[Entries shown — start]

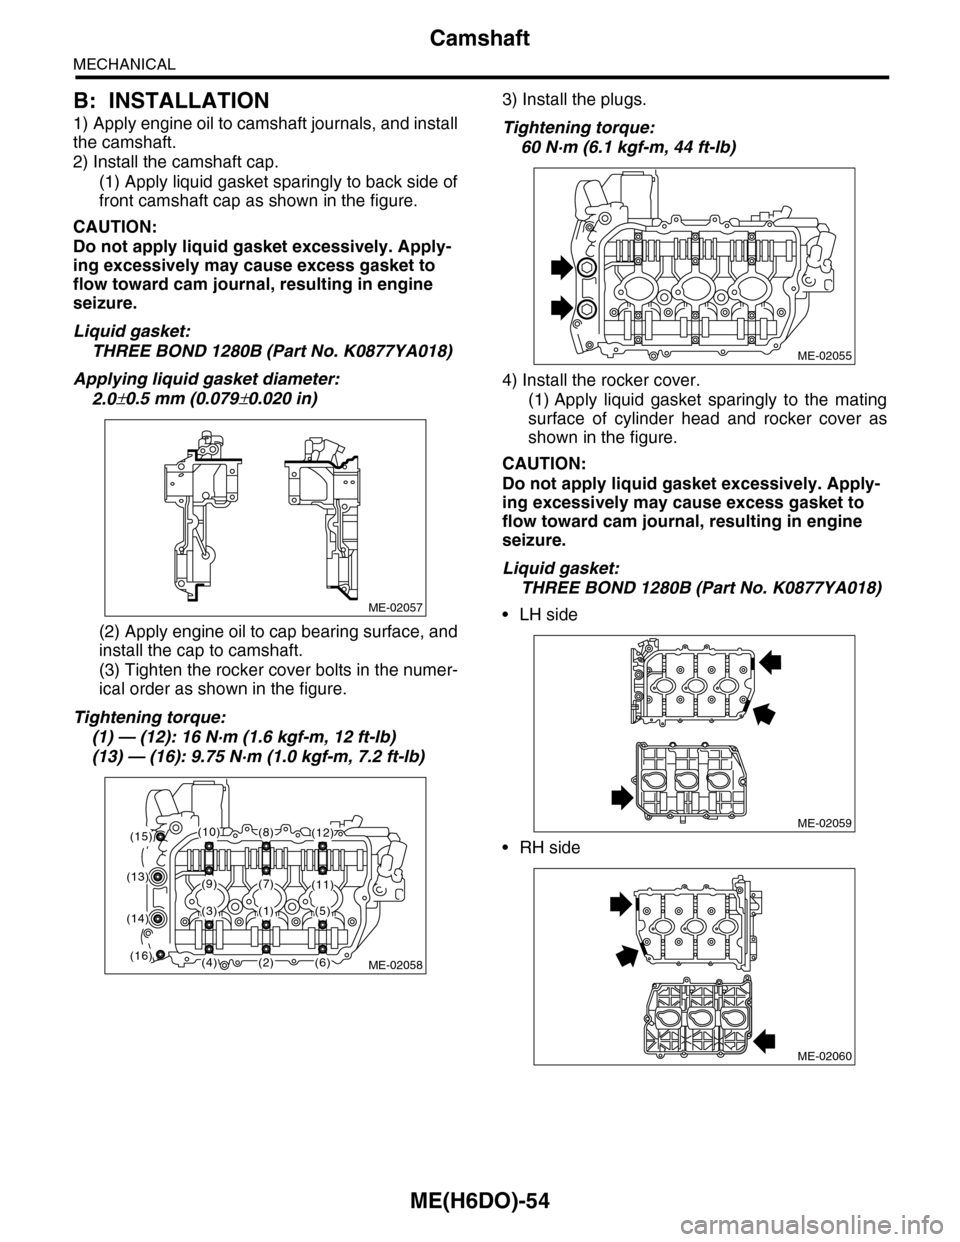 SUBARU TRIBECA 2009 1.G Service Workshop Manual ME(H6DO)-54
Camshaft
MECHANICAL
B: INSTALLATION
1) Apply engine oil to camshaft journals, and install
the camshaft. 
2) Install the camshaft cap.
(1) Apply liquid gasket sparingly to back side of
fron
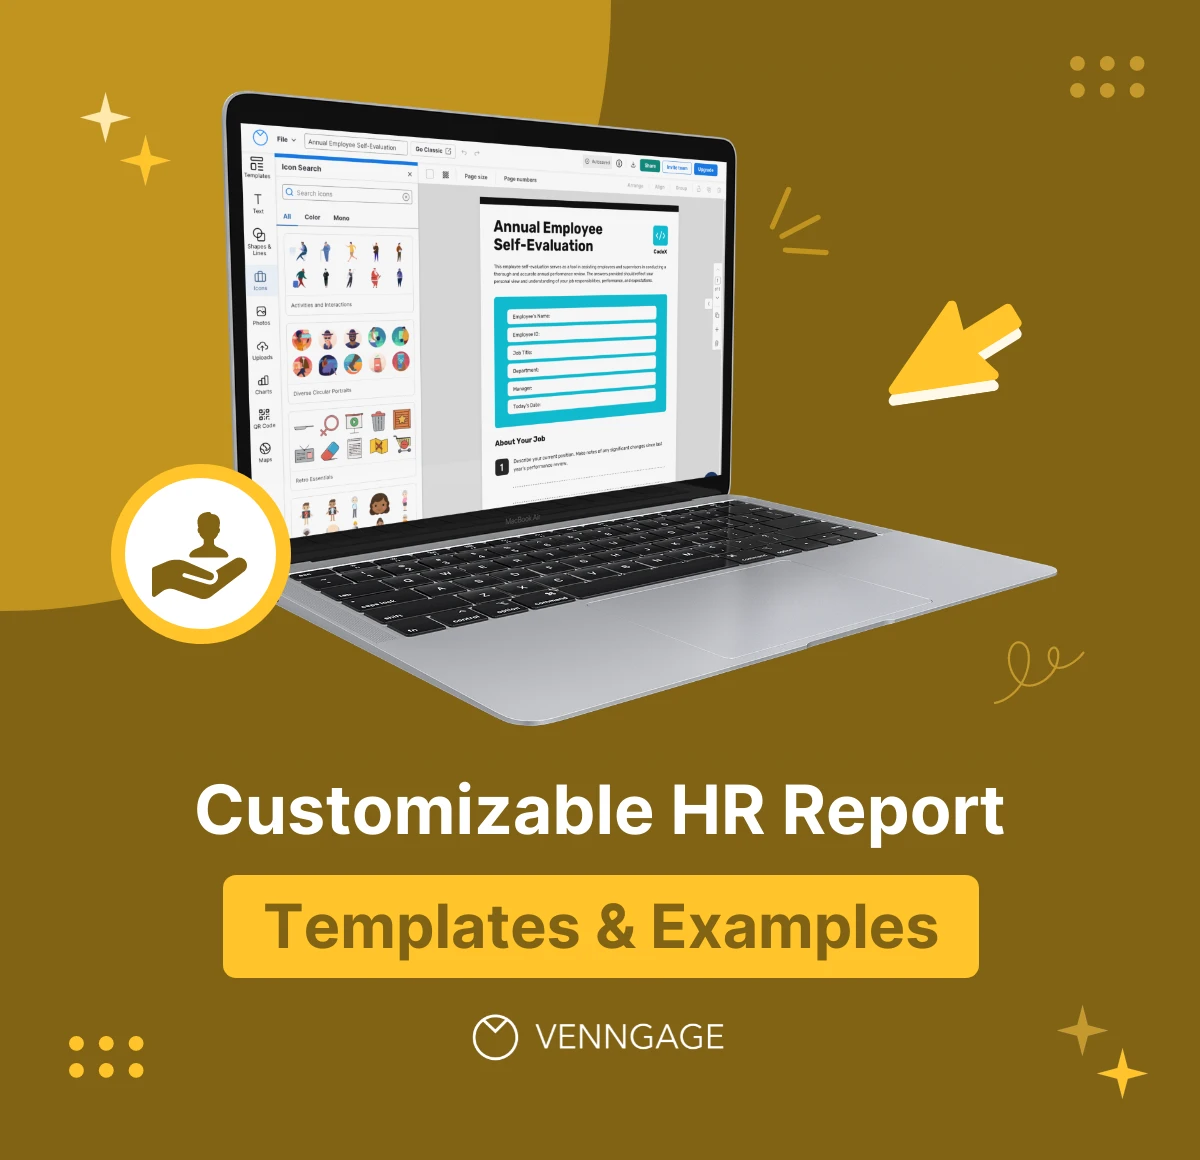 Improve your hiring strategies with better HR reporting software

[Entries shown — finish]

Pictures should be omitted. Please return exactly the lines from the line that holds "1) Apply engine" through the end of the records.

1) Apply engine oil to camshaft journals, and install
the camshaft. 
2) Install the camshaft cap.
(1) Apply liquid gasket sparingly to back side of
fron
 Improve your hiring strategies with better HR reporting software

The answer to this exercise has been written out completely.